Dr. Paraschiv is a board-certified Internist at Garnet Health Medical Center in Middletown, N.Y. He also serves in an administrative capacity as the Garnet Health Doctors Hospitalist Division’s Associate Program Director. He is also the Director of Clinical Informatics. Dr. Paraschiv is certified as the Epic physician builder in analytics, information technology, and improved documentation.
DCH Health System (Tuscaloosa, Ala.) recently selected Capstone Health Services Foundation (Tuscaloosa) and IN Compass Health Inc. (Alpharetta, Ga.) as its joint hospitalist service provider for facilities in Northport and Tuscaloosa. Capstone will provide the physicians, while IN Compass will handle staffing management of the hospitalists, as well as day-to-day operations and calculating quality care metrics. The agreement is slated to begin on Oct. 1, 2021, at Northport Medical Center, and on Nov. 1, 2021, at DCH Regional Medical Center.
Capstone is an affiliate of the University of Alabama and oversees University Hospitalist Group, which currently provides hospitalists at DCH Regional Medical Center. Its partnership with IN Compass includes working together in recruiting and hiring physicians for both facilities.
UPMC Kane Medical Center (Kane, Pa.) recently announced the creation of a virtual telemedicine hospitalist program. UPMC Kane is partnering with the UPMC Center for Community Hospitalist Medicine to create this new mode of care.
Telehospitalists will care for UPMC Kane patients using advanced diagnostic technique and high-definition cameras. The physicians will bring expert service to Kane 24 hours per day utilizing physicians and specialists based in Pittsburgh. Those hospitalists will work with local nurse practitioners and support staff and deliver care to Kane patients.
Wake Forest Baptist Health (Winston-Salem, N.C.) has launched a Hospitalist at Home program with hopes of keeping patients safe while also reducing time they spend in the hospital. The telehealth initiative kicked into gear at the start of 2021 and considered the first of its kind in the region.

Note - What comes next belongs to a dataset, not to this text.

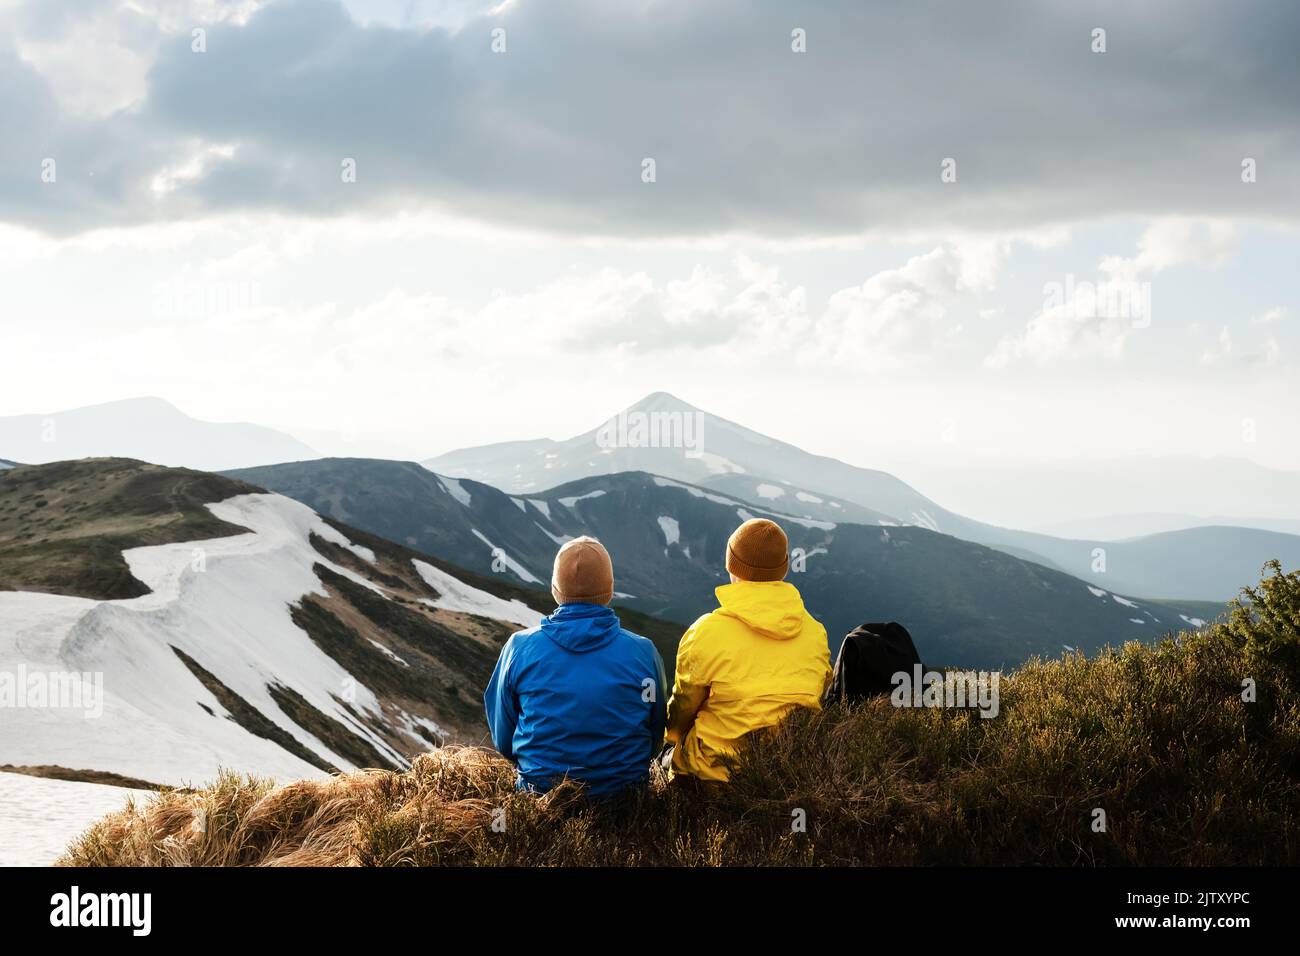 Deux touristes se trouve au bord d'un sommet de montagne. Montagnes brumeuses en arrière-plan. Les Carpates ukrainiens, Ukraine. Photographie de paysage Banque D'Images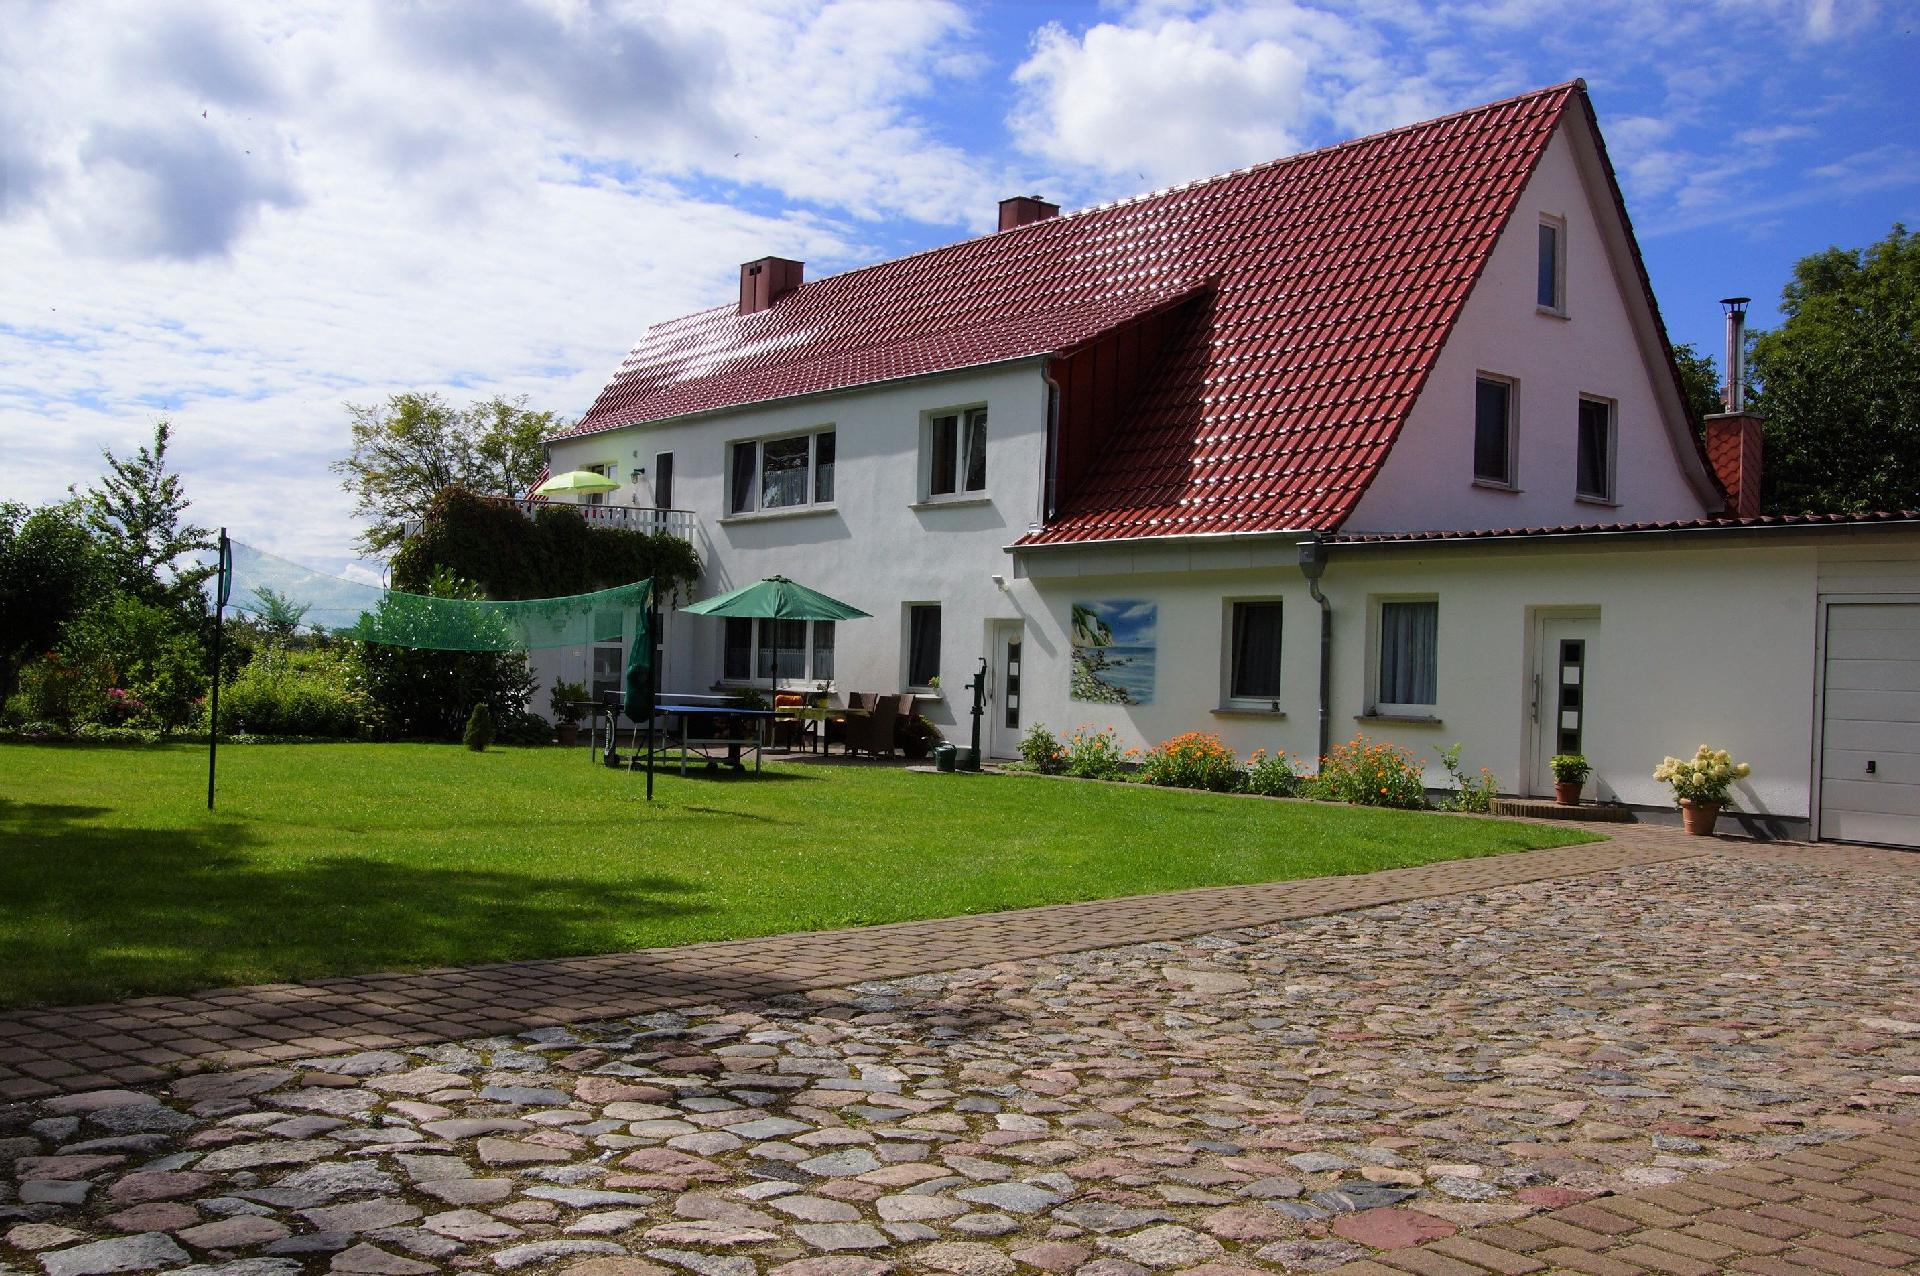 Schöne Wohnung bei Bergen auzf Rügen mit Ferienwohnung in Mecklenburg Vorpommern

Patients who qualify for the program establish a plan before they leave the hospital. Wake Forest Baptist Health paramedics makes home visits and conducts care with a hospitalist reviewing the visit virtually. Those appointments continue until the patient does not require monitoring.
The impetus of creating the program was the COVID-19 pandemic, however, Wake Forest said it expects to care for between 75-100 patients through Hospitalist at Home at any one time.